FitzGibbon opposed the Irish Roman Catholic Relief Act 1793, for which, in a "magnificently controlled vituperation in vigorous, colloquial heroic couplets,"The Gibbonade, he was pilloried by the satirist Henrietta Battier. But acceding to pressure exerted through the Irish executive by government of William Pitt in London, intent, in advance of war with the new French Republic, to placate Catholic opinion, he was persuaded to recommend its acceptance in the Irish House of Lords.
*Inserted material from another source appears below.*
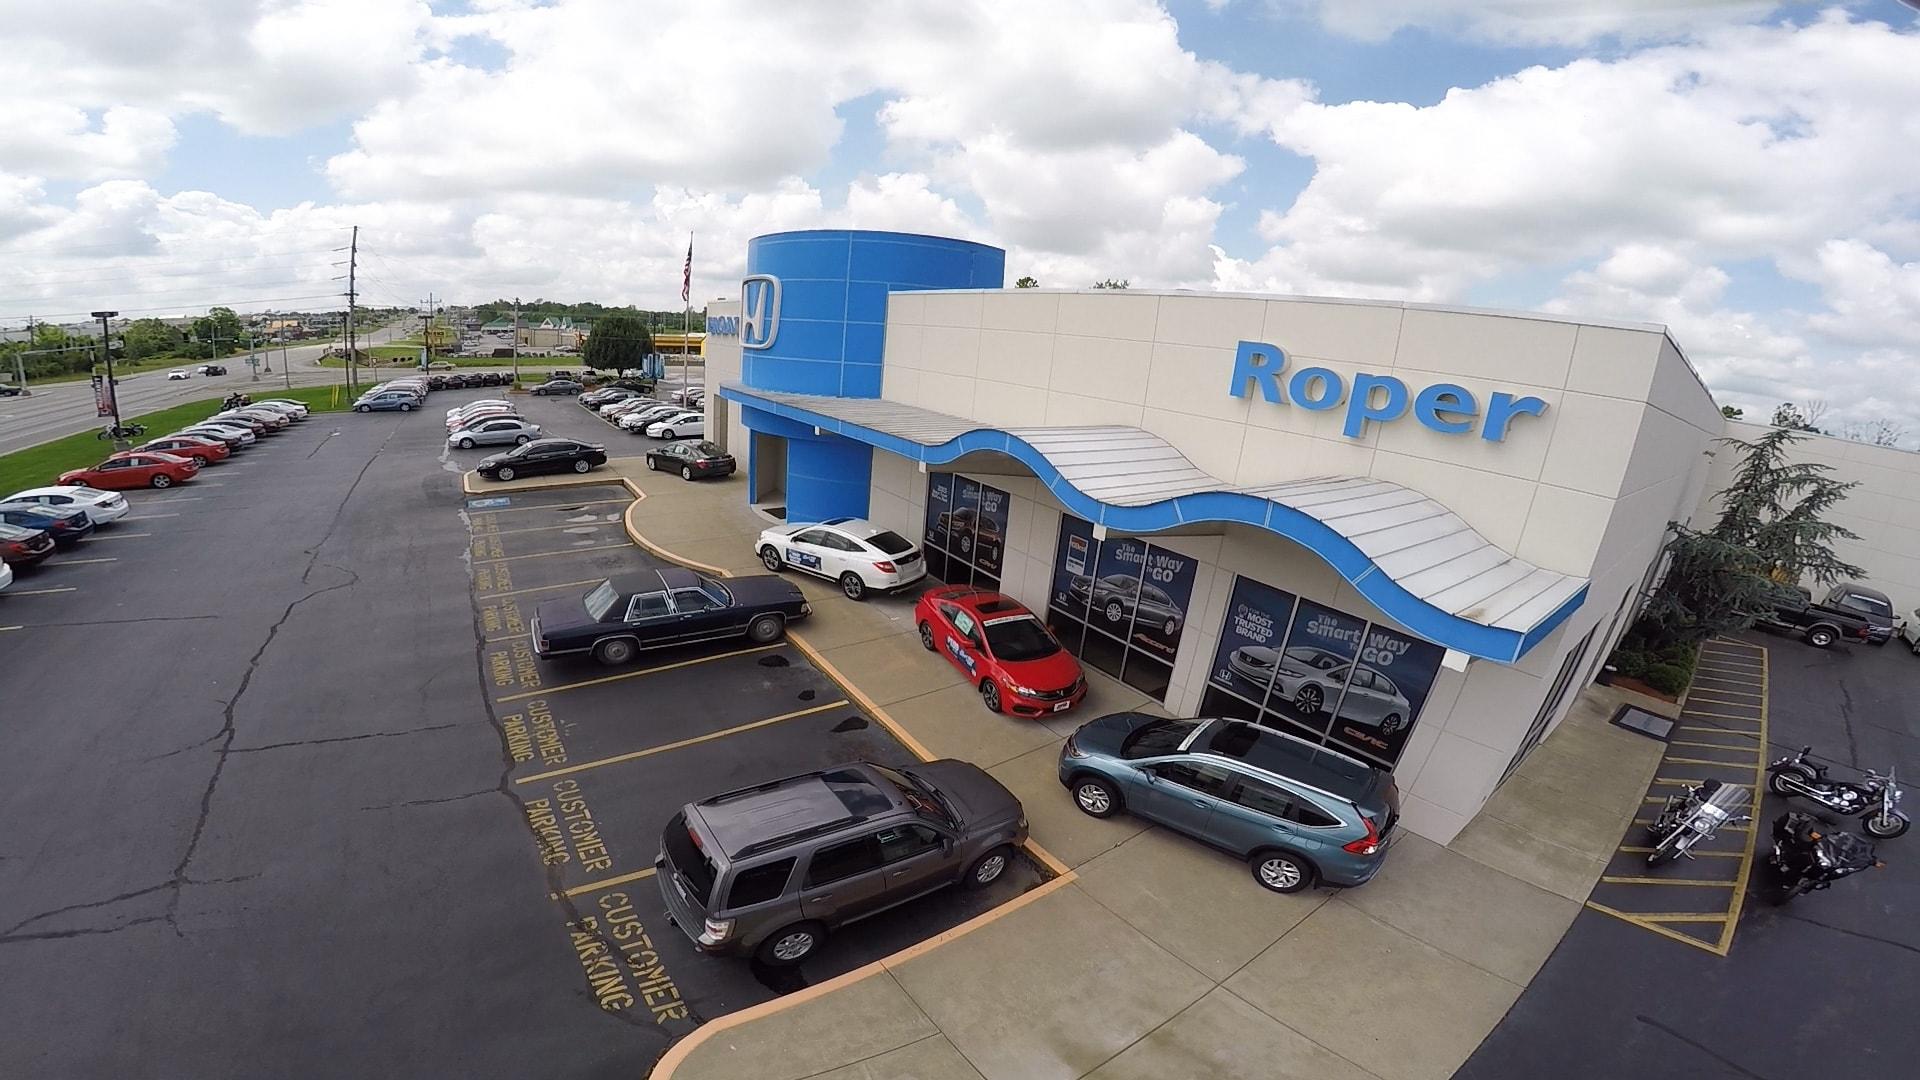 About roper honda in joplin honda dealer near springfield mo for Honda dealer springfield

Pitt, and the King, who had been petitioned by delegates from the Catholic Committee in Dublin, expected Ireland to follow the British Roman Catholic Relief Act 1791 and admit Catholics to the parliamentary franchise (although not to Parliament itself), enter the professions and assume public office.

Lord FitzGibbon's role in the recall, soon after his arrival, of the popular pro-Emancipation Lord Lieutenant, Lord Fitzwilliam, is debatable. Although FitzGibbon was probably politically opposed to the Lord Lieutenant of Ireland, Fitzwilliam was apparently recalled, because of his own independent actions. Fitzwilliam was known to be friendly to the Ponsonby family (he was married to one of their daughters), and was generally a Foxite liberal Whig. His close association with and patronage of Irish Whigs led by Grattan and Ponsonby during his short tenure, along with his alleged support of an immediate effort to secure Catholic emancipation in a manner not authorized by the British cabinet is probably what led to his recall. Thus, if any is to blame in the short-lived 'Fitzwilliam episode' it is the great Irish politician Henry Grattan and the Ponsonby brothers - presumably William Ponsonby, later Lord Imokilly and his brother John Ponsonby—not to mention Lord Fitzwilliam himself. Irish Catholics at the time and later naturally saw things very differently and blamed hardline Protestants such as FitzGibbon.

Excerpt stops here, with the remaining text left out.